• **Task prompt**: Your output is to hold only the lines from the one showing "tempesta Foto Stock" through the end of the listing, exactly, with every picture excluded.
Dataset section: Begin
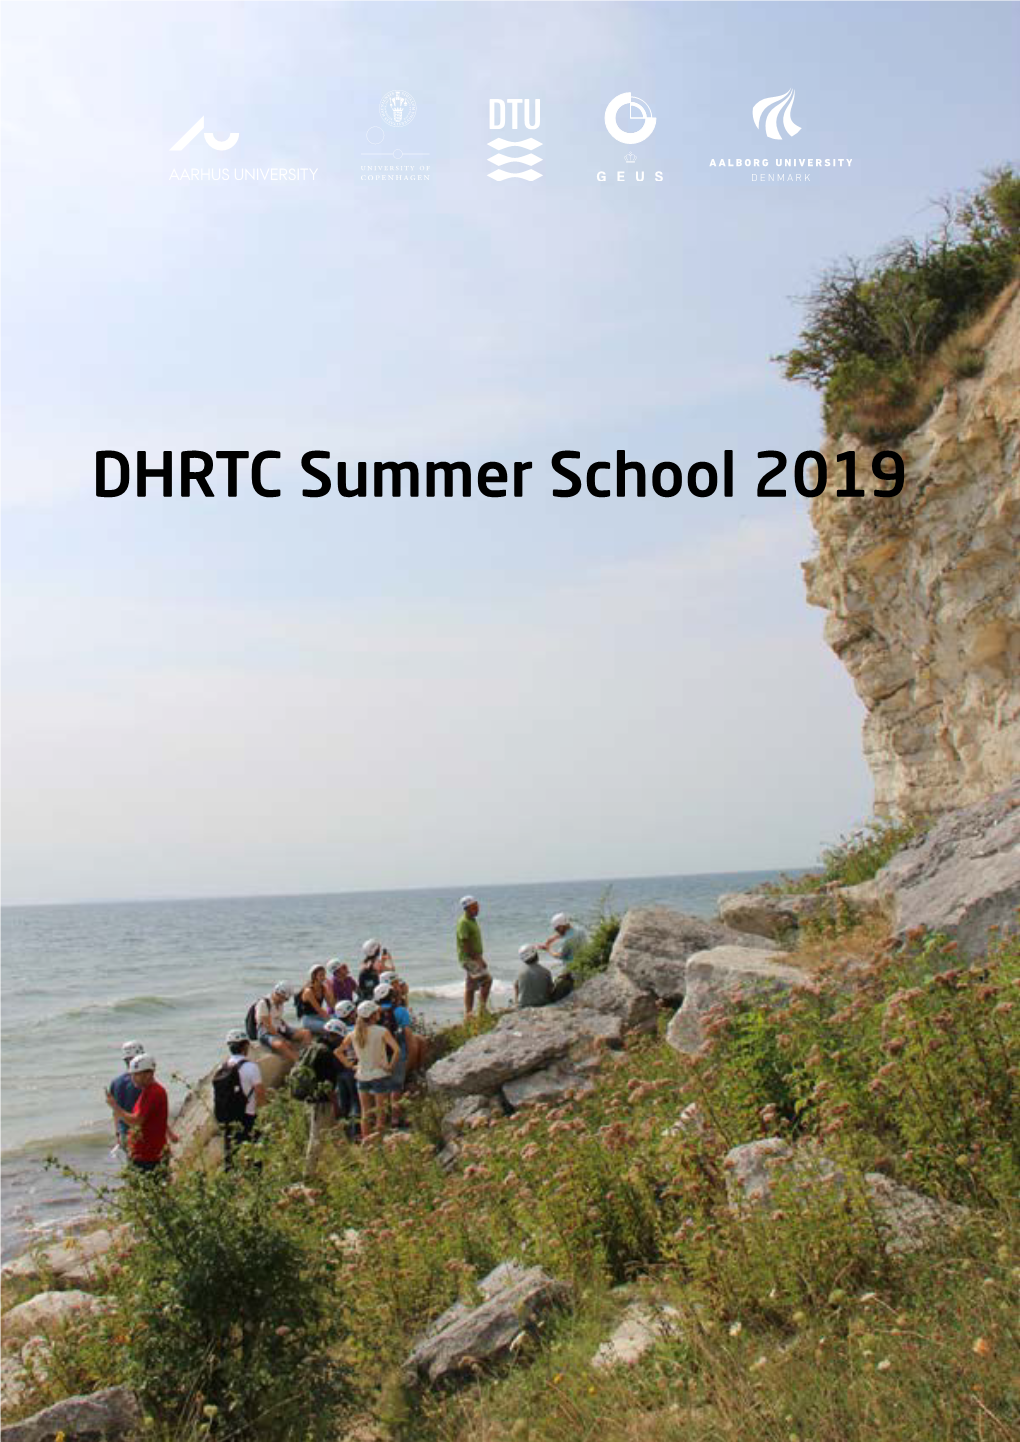 DHRTC Summer School 2019 2Nd DHRTC Summer School 12-17 August 2019
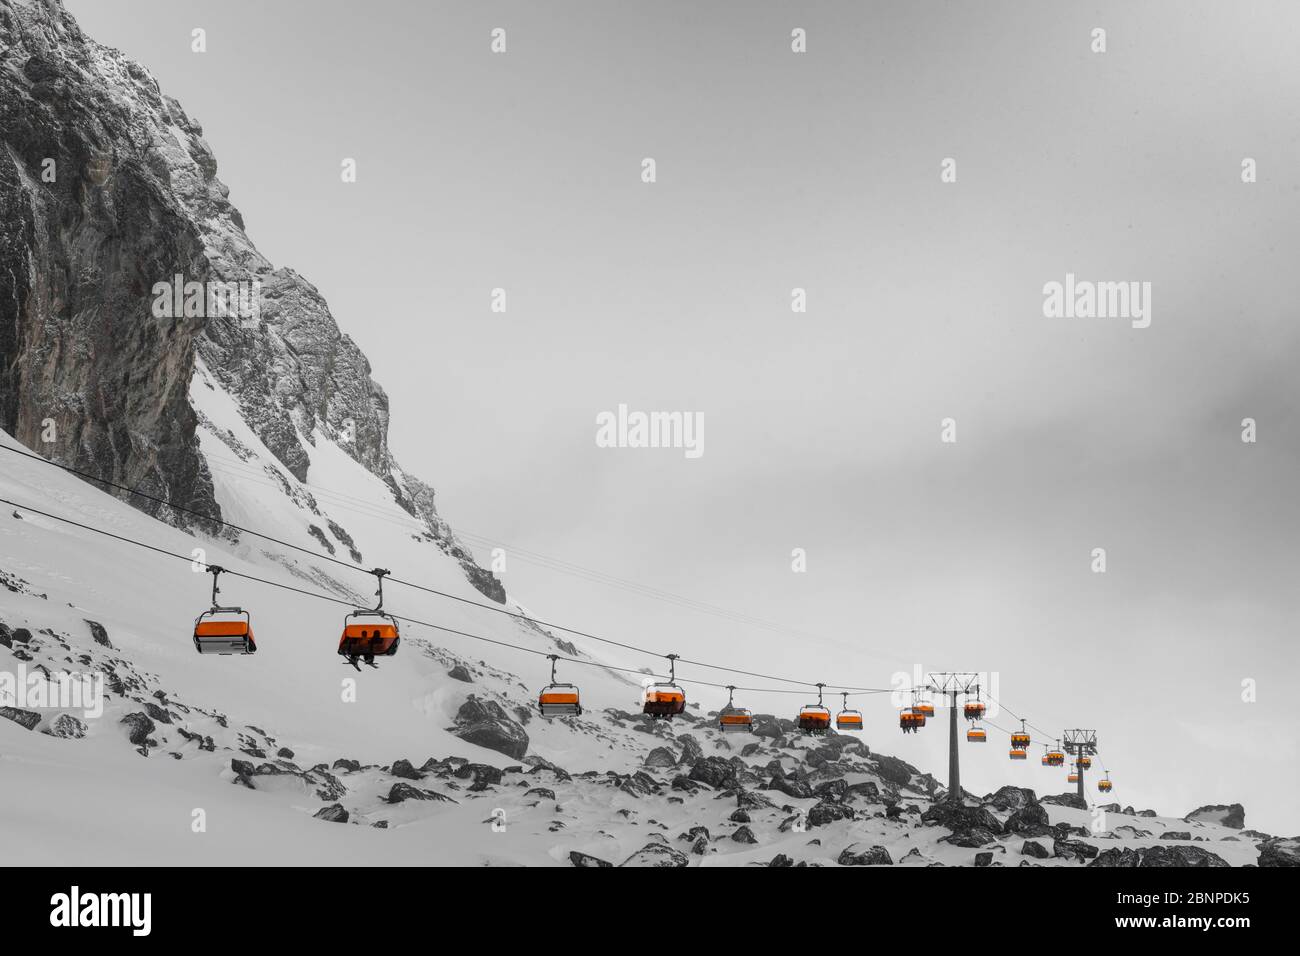 Svizzera, Graubünden, Samnaun, Austria, Tirolo, Ischgl, seggiovia da Alp Trida al Viderjoch in una giornata di tempesta Foto Stock
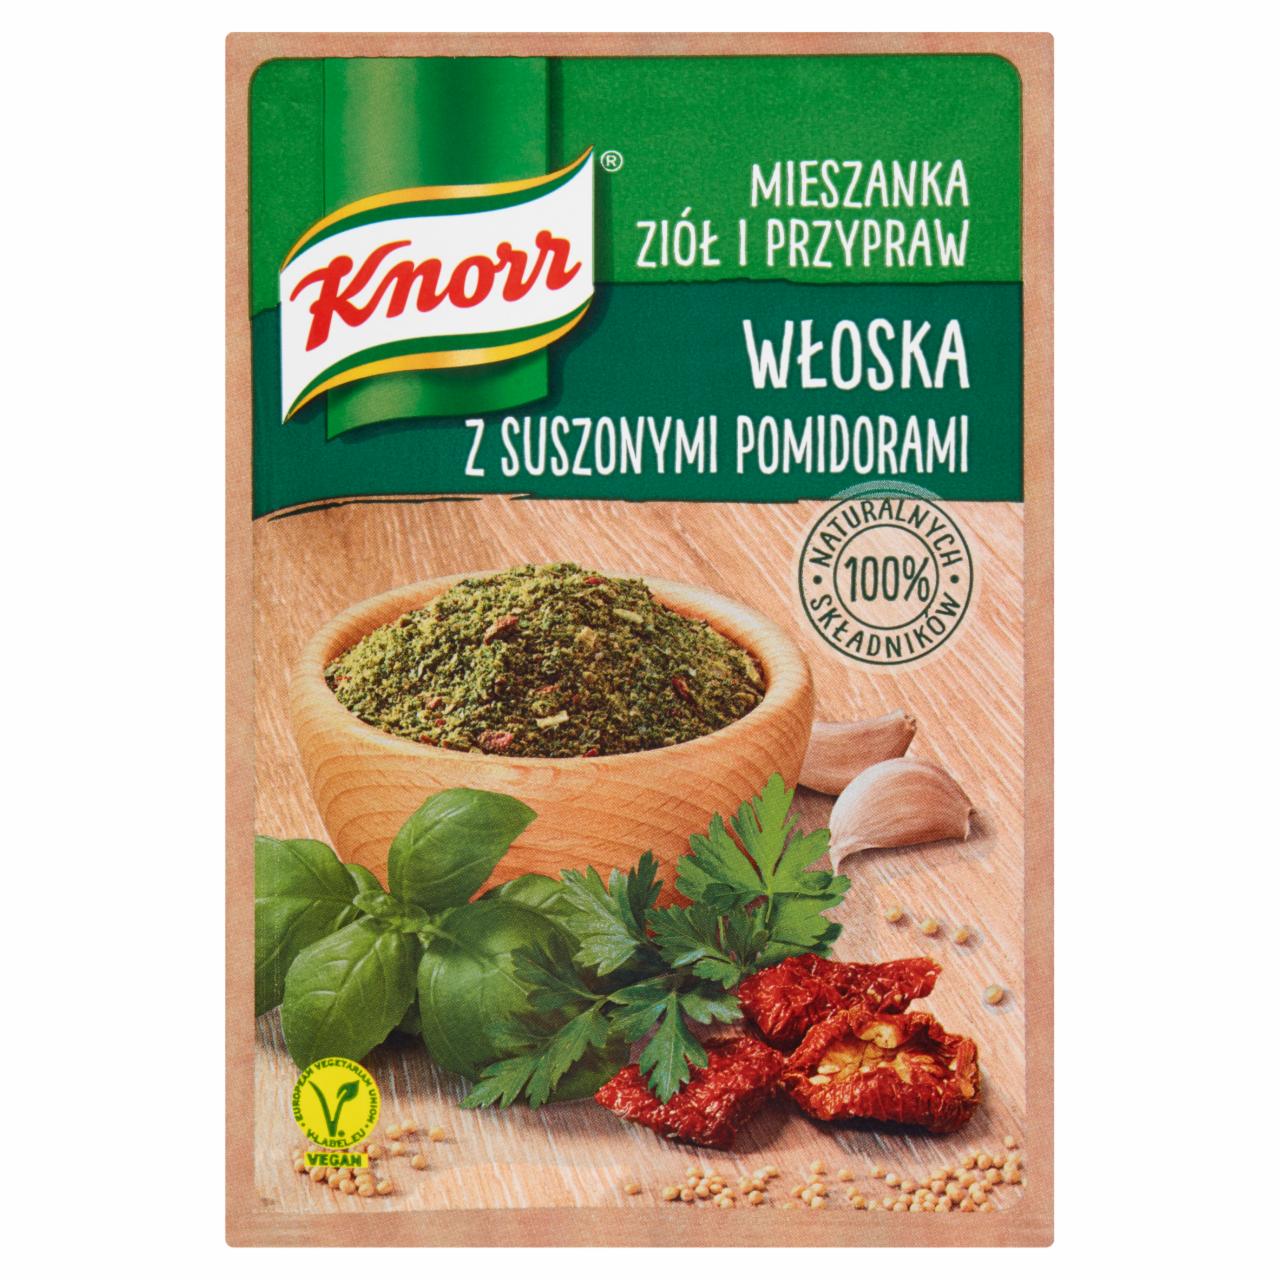 Zdjęcia - Knorr Mieszanka ziół i przypraw włoska z suszonymi pomidorami 13,5 g
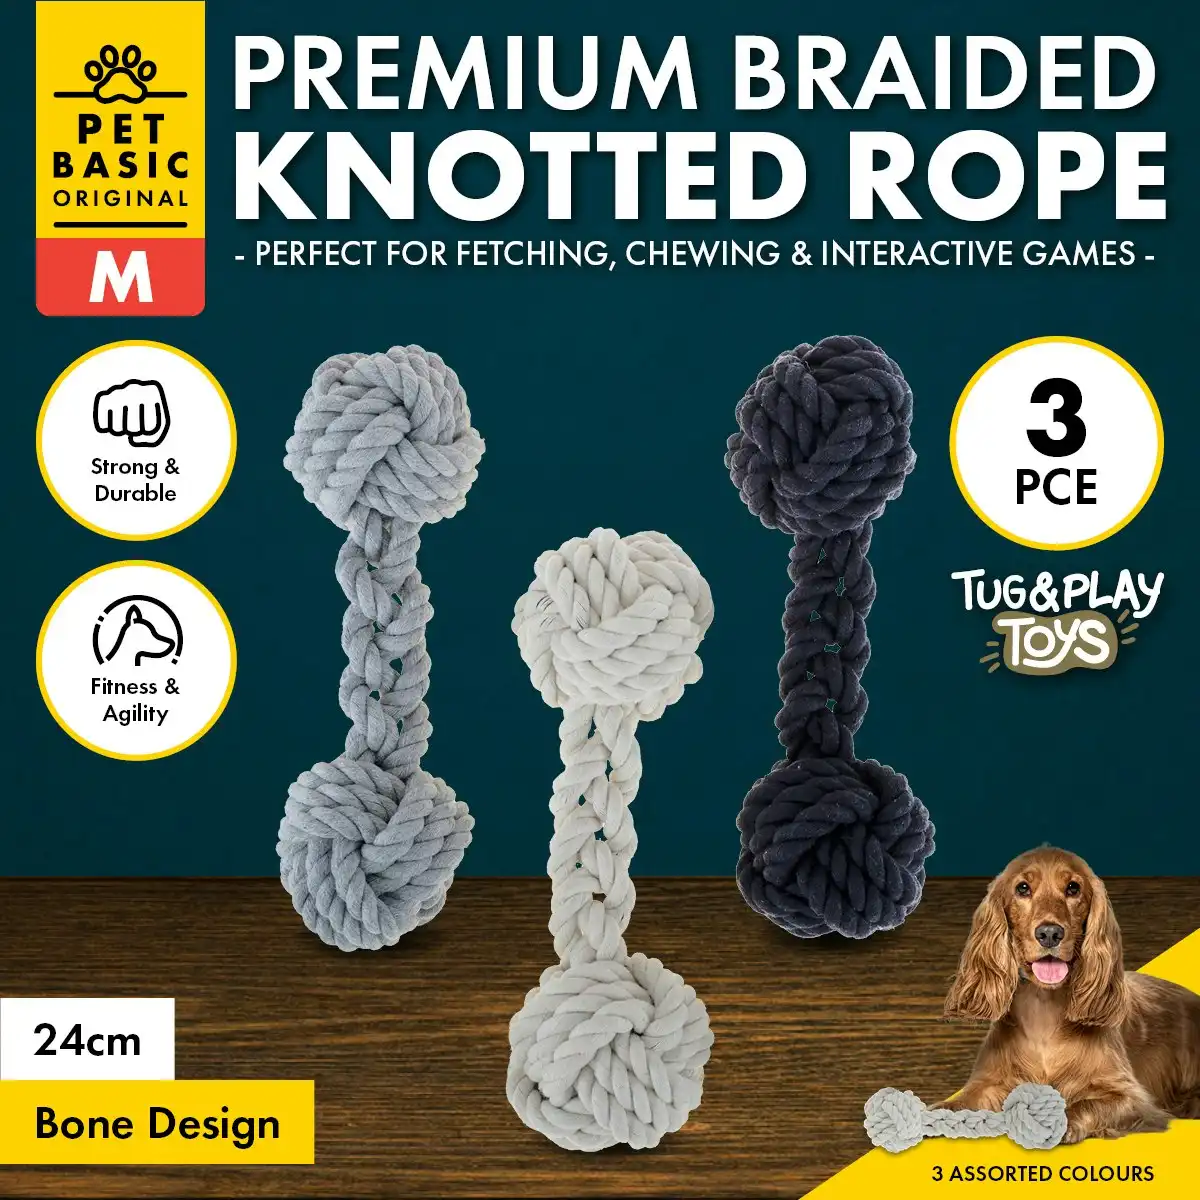 Pet Basic 3PCE Premium Braided Knot Bone Size Medium Natural Fibres 24cm
Dataset section: End
• **Result**:
 Svizzera, Graubünden, Samnaun, Austria, Tirolo, Ischgl, seggiovia da Alp Trida al Viderjoch in una giornata di tempesta Foto Stock
 Zdjęcia - Knorr Mieszanka ziół i przypraw włoska z suszonymi pomidorami 13,5 g
 Pet Basic 3PCE Premium Braided Knot Bone Size Medium Natural Fibres 24cm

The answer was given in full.